For decades, they’ve focused their efforts on school boards, working to install right-wing ideologues, people who will obstruct spending and suppress independent thought. These days, they plant provocateurs at public board meetings, irate but fake “parents” whose mission is to gin up anger in the service of retrograde ideas.

It has always been easy to see what the right is doing, but harder to figure out why they’re doing it. They seem bent on creating a nation of mindless, reprogrammable drones — think North Korea — who will be content to shut up and work.

Yet it seems self-defeating. How useful would that kind of workforce be? In an age of technology, the economy will need more brainpower, not less. Corporations will need workers with educations that are deeper and broader, yet they seem unwilling to push for the necessary resources to make that happen. Creative thinking has long been what sets the American workforce apart from the rest of the world, yet it’s exactly that comparative advantage that is most vulnerable to a degraded education system.

I can only conclude that they’re okay with that. Either they’re too short-sighted to perceive the steep downside to their subversion, or they’re too cruel to care. Either way, teachers bear the brunt of that subversion, and society pays the price in kids who can’t think.

So we have a race to the bottom, with unmistakable elements of systemic inequality and class discrimination. Because even as they starve public schools, they promote a self-perpetuating two-tier education system that mirrors the basic have-or-have-not dynamic of the country at large.

First-rate educations are still available to those who can afford it. The ruling class of tomorrow is comfortably enrolled in the private schools of today. They are growing up in a bubble of entitlement, effectively insulated from both cultural and intellectual diversity. What sorts of leaders can we expect them to become?

Meanwhile, private school teachers are paid even worse than their public school counterparts, so in both cases the question becomes why would anyone want to be a teacher?

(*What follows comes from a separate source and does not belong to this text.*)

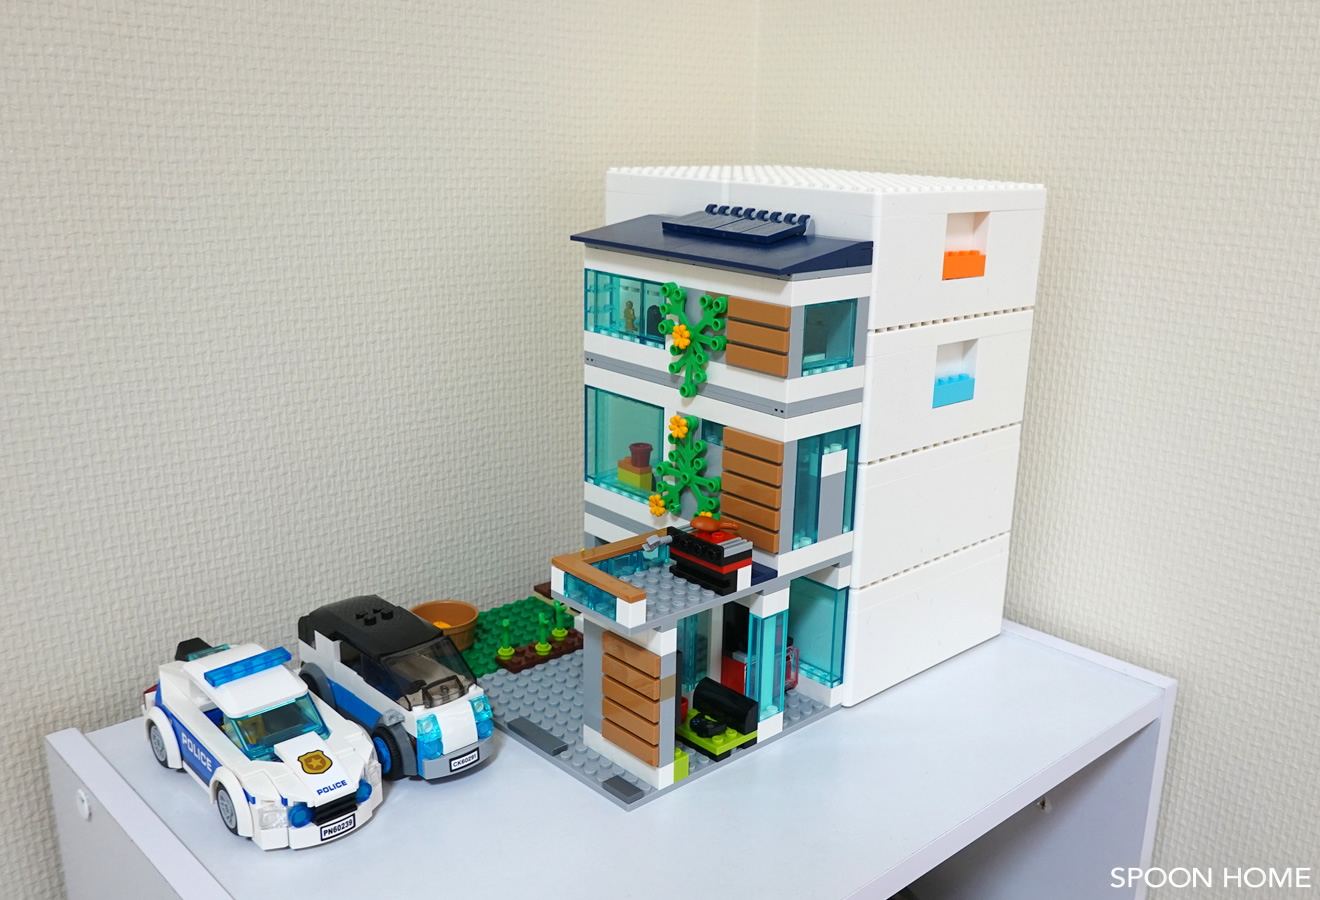 イケアとレゴのコラボグッズ・ビッグレクのブログ画像

It’s still a respected profession, but you’d never know it. Their dedication is, at best, taken for granted, and at worst met with violent rhetoric, public intimidation, and legal jeopardy. 

This is a gross disservice, not just to the teachers themselves, but also to the communities they serve. Not to mention the children they’re trying, against ridiculous odds, to teach.

Dedication only goes so far.

 


Comments

  1. At some point, we need to stop calling it education and start calling it indoctrination -- the tool of choice for autocrats everywhere.